En julio de 2004, sin que el presidente de la Federación Villar lo tuviera muy claro, Luis Aragonés acepta el reto de liderar una selección deshecha tras un nuevo fracaso en la Eurocopa de Portugal. Lo pasa mal. Muy mal. En el Mundial de 2006 pasa lo de siempre y aún fue peor el comienzo de la fase de clasificación de la siguiente Eurocopa. Pero Luis aguanta estoicamente –“tengo las espaldas anchas”, le dice a sus jugadores- críticas durísimas, especialmente desde que deja fuera de la selección a Raúl. La campaña mediática en su contra es vomitiva y muy virulenta.

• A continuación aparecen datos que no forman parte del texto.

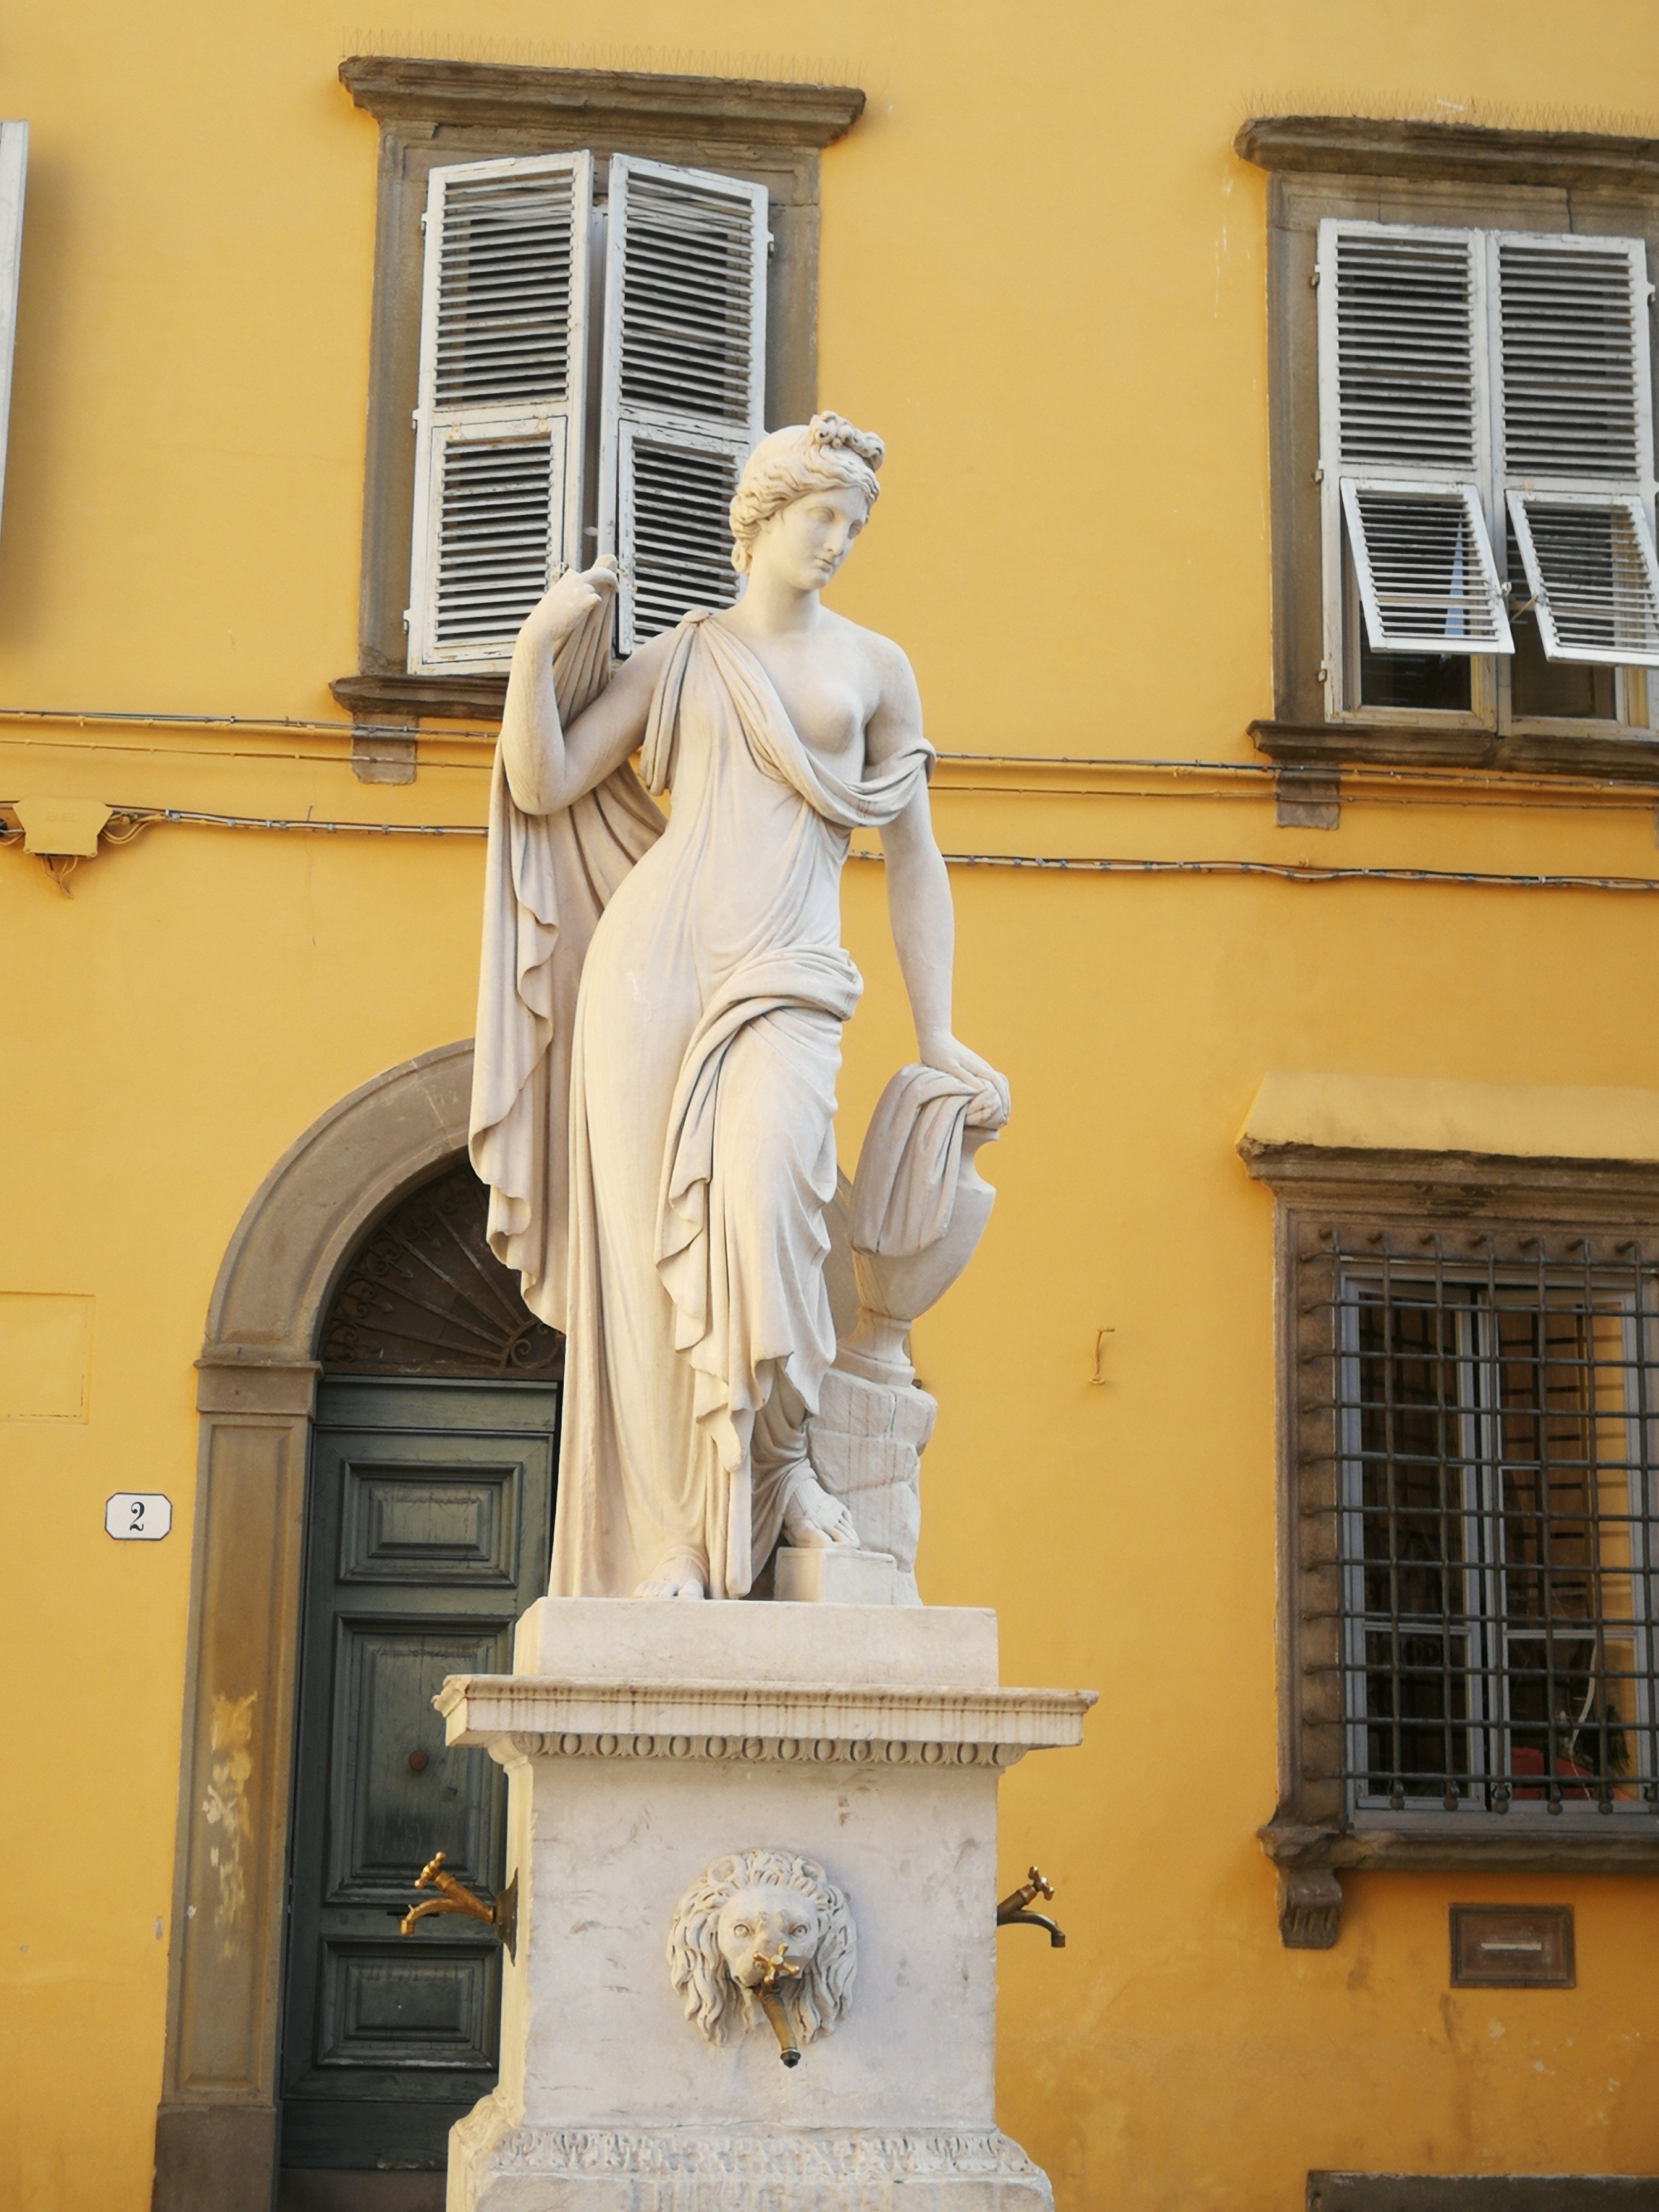 Un tour nel centro della città di Lucca con visita ai suoi splendidi palazzi signorili

Así, casi sin que España se diera cuenta, se crea el tiki-taka en un partido ante Dinamarca a vida o muerte. Ya en la Eurocopa de 2008, se hicieron célebres sus arengas: “Si yo no estoy en la final con este equipo, soy una mierda”, les llegó a transmitir. Poco a poco, entre supersticiones y un fútbol que epató al continente, España va dejando en la cuneta a contrincantes. Por fin, el 29 de junio en el Ernst Happel Alemania ve impotente la última lección del equipo de Luis. Un gol de Fernando Torres, el mismo chaval al que hizo jugador en el Atlético, puso el epílogo perfecto a su trayectoria. Dos atléticos y un destino.
¿Por qué no volvió a entrenar a un equipo de élite? López Ufarte respondió una vez a eso: “porque en estos tiempos es más importante el peloteo que el valor. La profesión ya no acepta al hombre de su perfil, entrenadores que están por encima de las estrellas del equipo”.
Tras una efímera experiencia en Turquía, Luis se encontraba el año pasado con ganas de volver a entrenar, pero una enfermedad le quitó las fuerzas. Un mal que afrontó, como todo en la vida, de frente y sin miedo.
Su amor por sus colores se plasma en una de sus anécdotas más famosas. En un España-Eslovaquia de repesca para el Mundial de 2006 que se celebraba en el Calderón, Aragonés estaba siendo recriminado por el cuarto árbitro porque sobrepasaba su área técnica. El técnico le replicó: “Y usted no pise ese escudo”. Era el del Atlético, pintado sobre el césped de su estadio.